The image-constituting element specifying means, display property
setting means, and image converting means in the device of the
present embodiment are configured of the control unit 11 that
executes this medical image generating program.
[0050] The image-constituting element specifying means specifies a
first image-constituting element group contained in a region to be
observed designated in a first observation image that is displayed
on a first image display portion of the image display device 2,
from among the plurality of image-constituting elements. The
display property setting means sets and displays a display property
curve serving to establish a relationship between signal values
associated with the first image-constituting element group and
display properties to be provided to the first image-constituting
element group on a coordinate system displayed on a second image
display portion of the image display device 2 and can set and
display a plurality of separate and mutually independent display
property curves on the coordinate system.
[0051] The image conversion means converts an image located in the
region to be observed in the first observation image into a display
image in which the display properties are reflected, by providing
the display properties established by the display property curve to
the first image-constituting element group and displaying the
converted image. The image conversion means can reflect at once, in
an image within the region to be observed, the display property
established by any number of display property curves, from among
the plurality of display property curves.
[0052] On the other hand, as shown in FIG. 2, in the image display
device 2, a plurality (seven in FIG. 2) of image display portions
21 to 27 that are separated from each other are displayed on one
screen. The image display portion 21 in the center of the screen
constitutes the first image display portion, and a coronal
tomographic image 31 is displayed as a first observation image in
this image display portion 21. An axial tomographic image 32, a
sagittal tomographic image 33, and a VR image 34 that are generated
by the image processing device 1 are respectively displayed on
three image display portions 22, 23, and 24 arranged in the
vertical direction at the left side of the screen.
[0053] An image display portion 25 located in the lower left corner
of the screen constitutes the second image display portion. A
plurality of mutually independent display property curves that are
set by the display property setting means are displayed on the
image display portion 25. A variety of input buttons (described
hereinbelow in greater detail) that serve for setting the plurality
of display property curves are displayed as images in an image
display portion 26 that is located at the right side of the image
display portion 25 adjacently thereto. A variety of input buttons
(not shown in the figure) for performing various other input
operations (for example, designating the region to be observed on
the coronal tomographic image 31 displayed on the image display
portion 21 or changing the dispositions of the image display
portions 21 to 24) are displayed as images in an image display
portion 27 positioned at the right side of the screen.
[0054] A medical image generating method of the present invention
will be explained below. FIG. 3 is a flowchart illustrating the
sequence of steps of the medical image generating method of one
embodiment of the present invention. The medical image generating
method of the present embodiment is performed using the medical
image generating device shown in FIG. 1.
[0055] First, an image-constituting element specifying processing
is implemented (step S1 in FIG. 3). In the image-constituting
element specifying processing, a first image-constituting element
group contained in a region 35 of interest (equivalent to a region
to be observed; see FIG. 2) designated in the coronal tomographic
image 31 that is displayed on the image display portion 21 of the
image display device 2 is specified from among the plurality of
image-constituting elements. In the method of the present
embodiment this processing is performed with the above-described
image-constituting element specifying means.
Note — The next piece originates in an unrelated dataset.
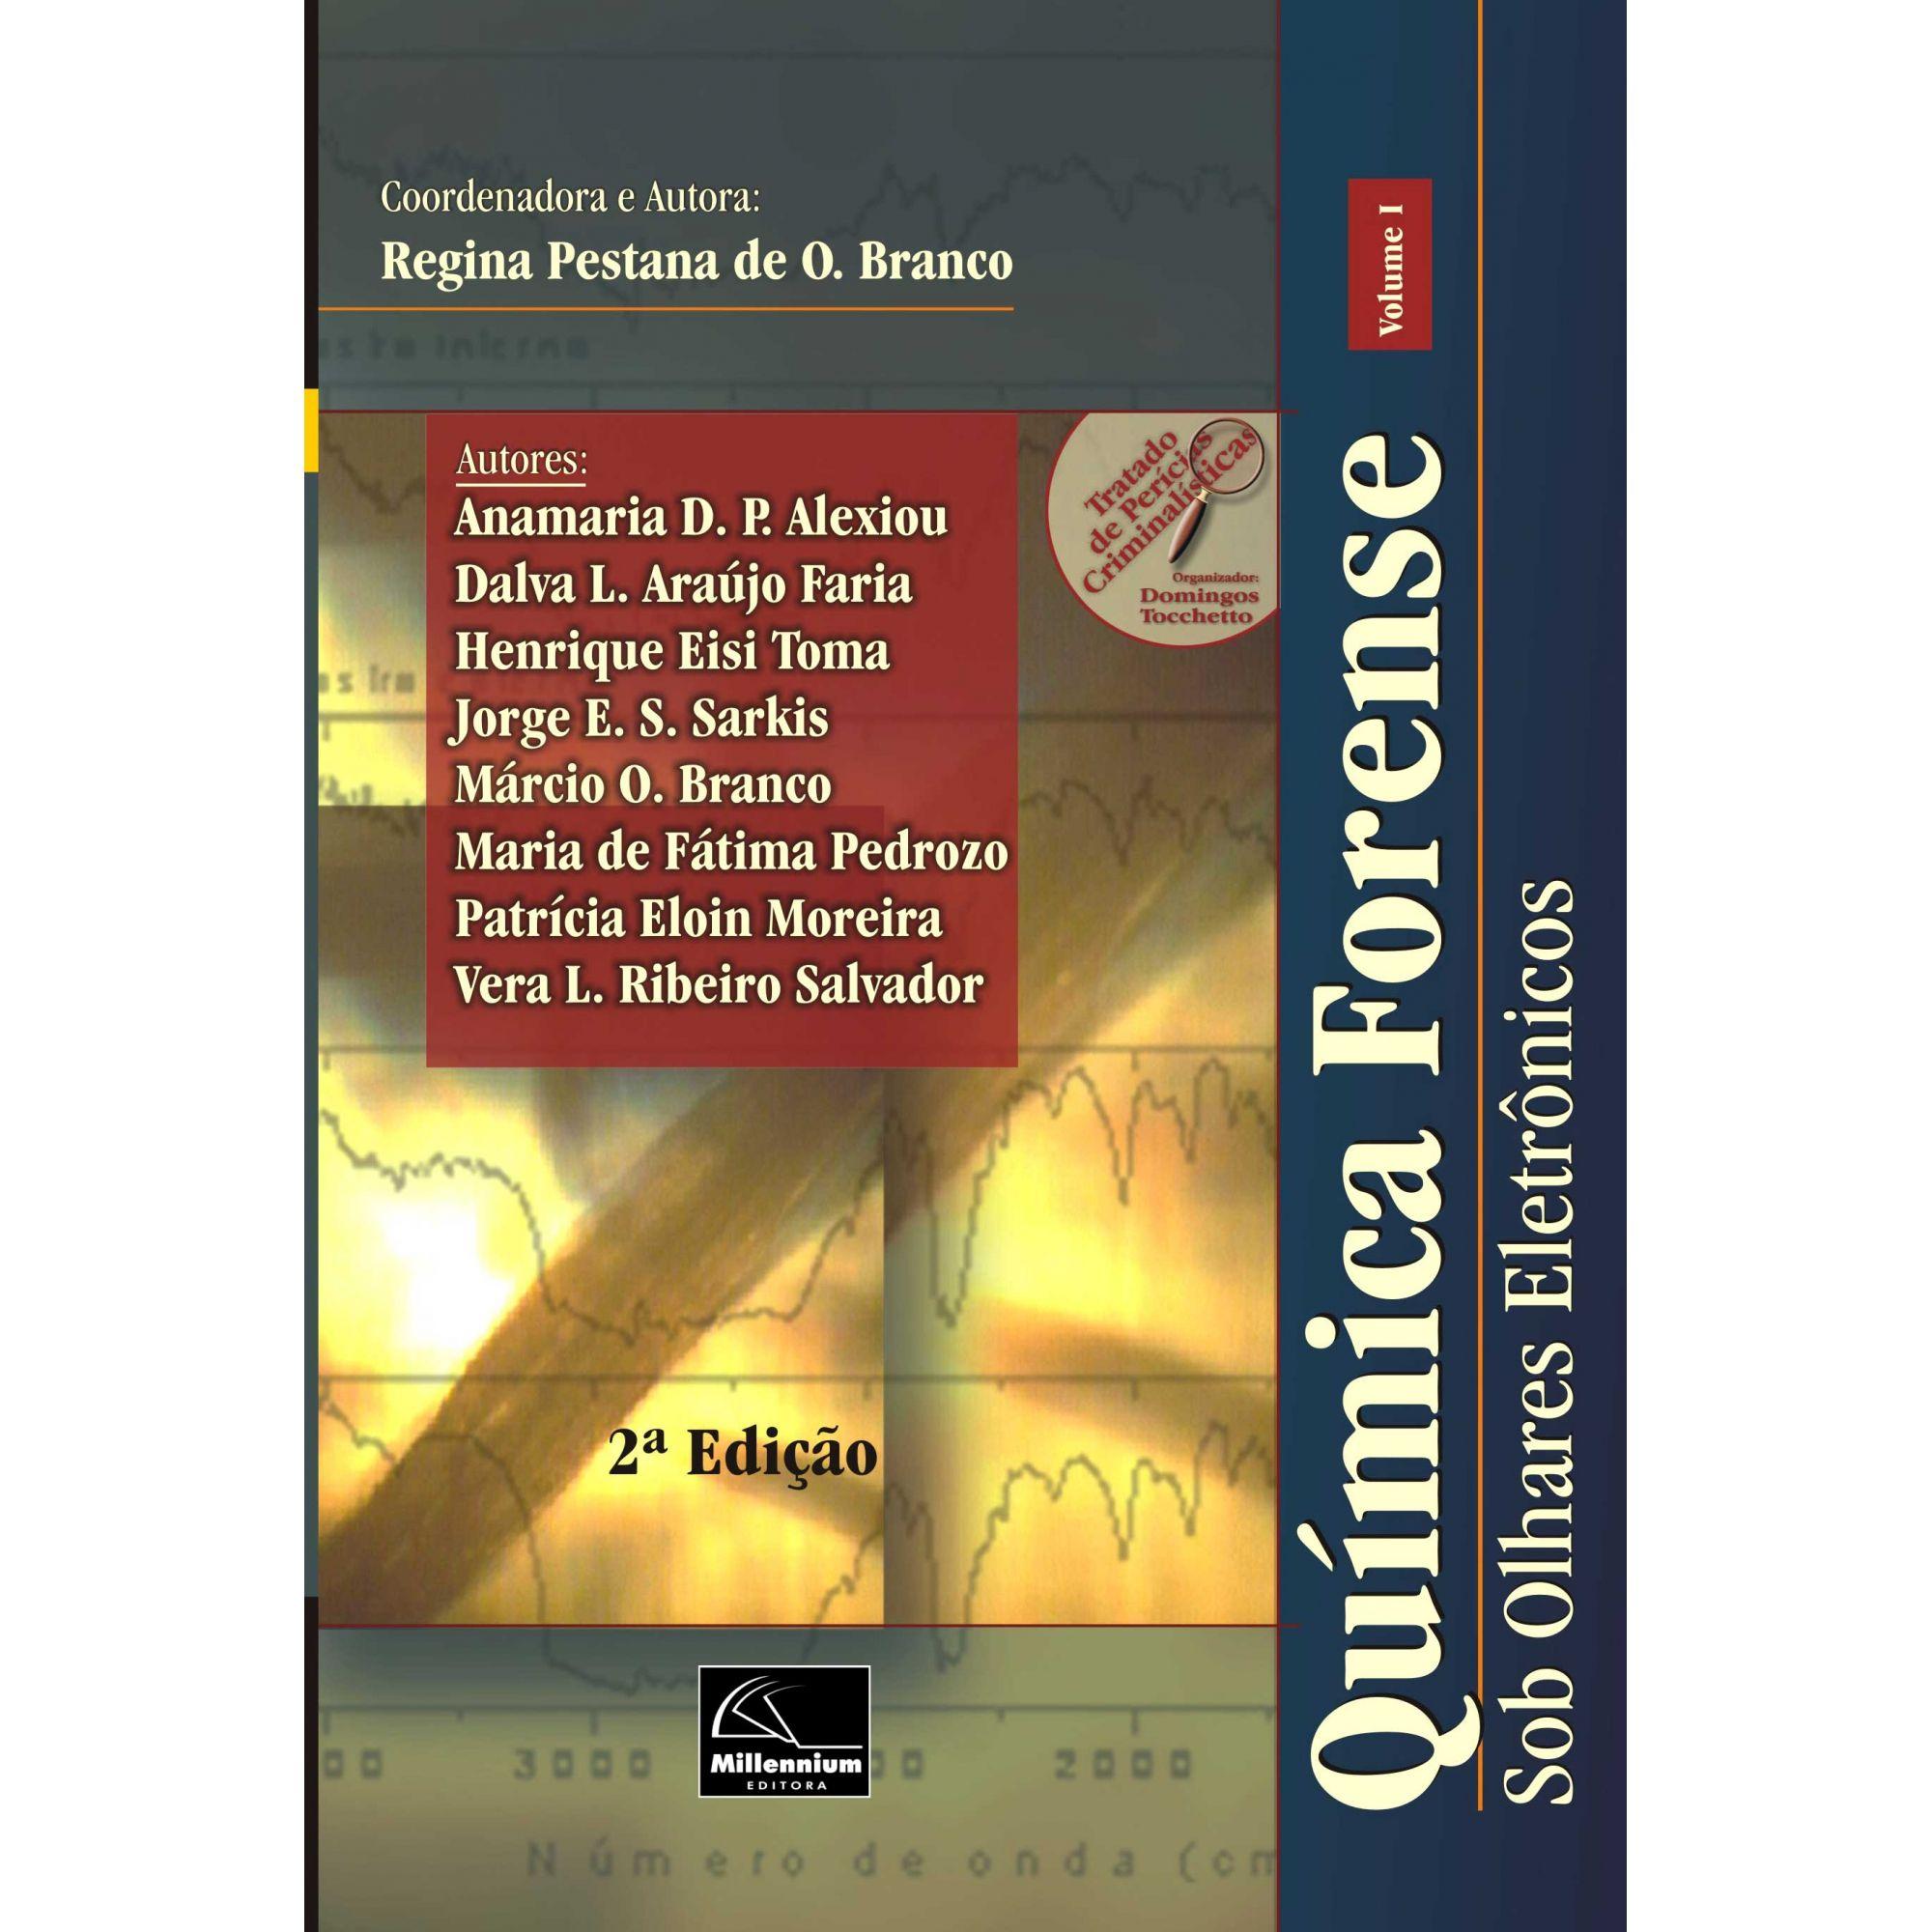 Química Forense – Sob Olhares Eletrônicos – Volume I 2ª Edição  <b>Coordenadora: Regina do Carmo Pestana de O. Branco</b>  - Millennium Editora - Livros de Perícia

[0056] The designation of the region 35 of interest is performed by
a predetermined input operation by an operator such as a doctor.
For example, the region 35 of interest can be designated by
inputting the central position P of the region 35 of interest on
the coronal tomographic image 31 shown in FIG. 2 with a mouse or
the like and inputting the diameter of the region 35 of interest
with an input button (not shown in the figure) displayed at the
image display portion 27 or a keyboard. This region 35 of interest
is set as a spherical region in a three-dimensional coordinate
system corresponding to a three-dimensional model of the body to be
observed, and the first image-constituting element group positioned
inside this sphere is specified by the image-constituting element
specifying means from among the plurality of image-constituting
elements. The region 35 of interest is displayed as a region inside
a circle on the coronal tomographic image 31. Further, on the axial
tomographic image 32 or the sagittal tomographic image 33, the
region 35 of interest is also displayed as a region inside a circle
in a position corresponding to the position on the coronal
tomographic image 31.
[0057] The display property setting processing is then performed
(step S2 in FIG. 3). In the display property setting processing, a
display property curve serving to establish a relationship between
signal values associated with the first image-constituting element
group and display properties (a color and a degree of opaqueness)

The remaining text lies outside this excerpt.